Developing countries carry the greatest disease burden in the world but AI has the potential to assist the pathology workflow.
Written by Aiforia

Introduction

Developing countries carry the greatest disease burden in the world yet resources for diagnostics and health care are limited and hard to access. This is particularly prominent within pathology, a field critical to all other healthcare workflows.
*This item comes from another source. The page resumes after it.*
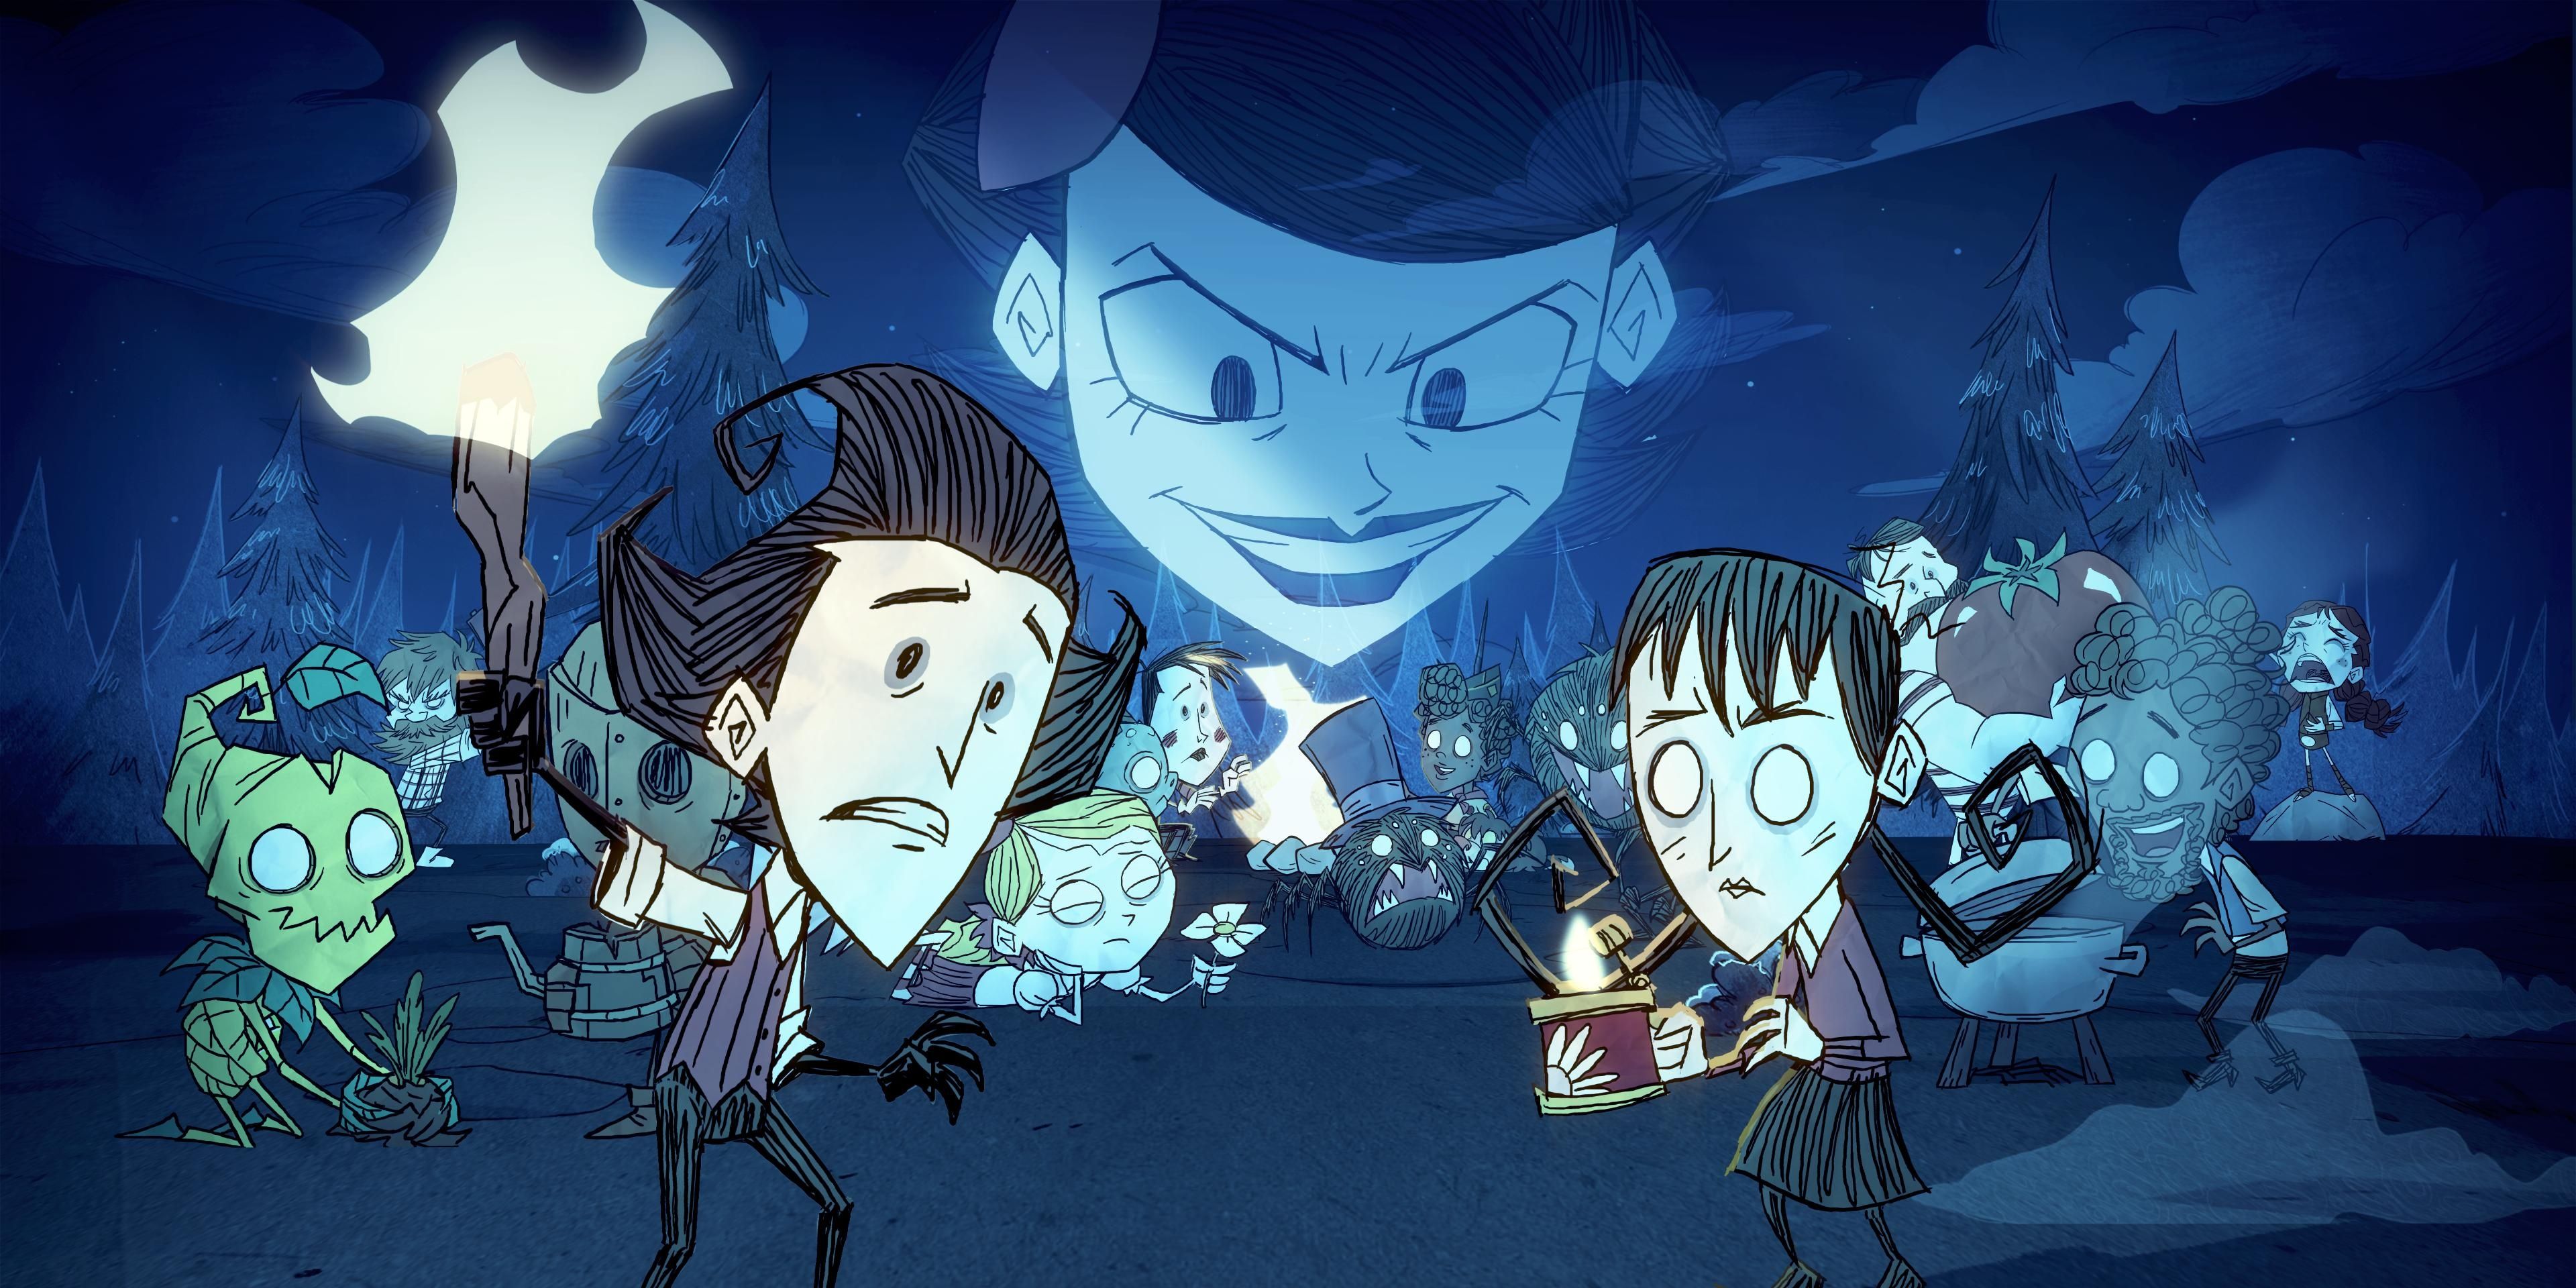 Wilson and Willow from Don't Starve Together look scared as a large face hovers above them

There is a scarcity of pathologists worldwide and developing countries are particularly affected.

According to the World Health Organization, the density of pathologists in high income countries is approximately 1 in 15,000, but only 1 in 1 million in some countries in Africa (1). Meanwhile in Pakistan, there are less than 1,000 pathologists specialized in cancer diagnostics covering a population of over 225 million people.

Pathologists are critical to diagnostics, directly affecting treatment and patient outcomes. About 95% of clinical pathways rely on access to pathologists while pathology services are only available to less than 30% of patients in low-income countries (2). As physician shortages are acute and resources are lacking, low-income and middle-income countries, hosting 87% of the global population, need more efficient ways to combat pathologists’ overwhelming workloads (3).

Graph of estimated number of pathologists per 100,000 people in selected countries

Number of pathologists per 100,000 people-1

Data gathered from a collection of sources (11-16)

As remote work has increased, particularly during the COVID-19 pandemic, pathology and medical diagnostics have increasingly begun to rely on digital and virtual tools, such as telepathology, to keep up with demand. However, this is not new. Digital pathology and artificial intelligence (AI) technologies have been adopted in medical fields worldwide for years, promoting speed and efficiency, while tapping into the vast knowledge base of the worldwide medical community. These technologies also provide a possible solution for remote areas with limited medical choices or low-resource communities unequipped to handle their population’s pathology needs.

Challenges

In Pakistan, for example, there is an absence of pathology slide scanners, digital microscopes, and whole slide image (WSI) software. Often, remote pathologists are asked to visit their colleagues for second opinions because their digital images are not enough for a reliable consultation, particularly in difficult cases. And when scanners and digital microscopes are available, they are used in research and education, not for routine clinical diagnosis.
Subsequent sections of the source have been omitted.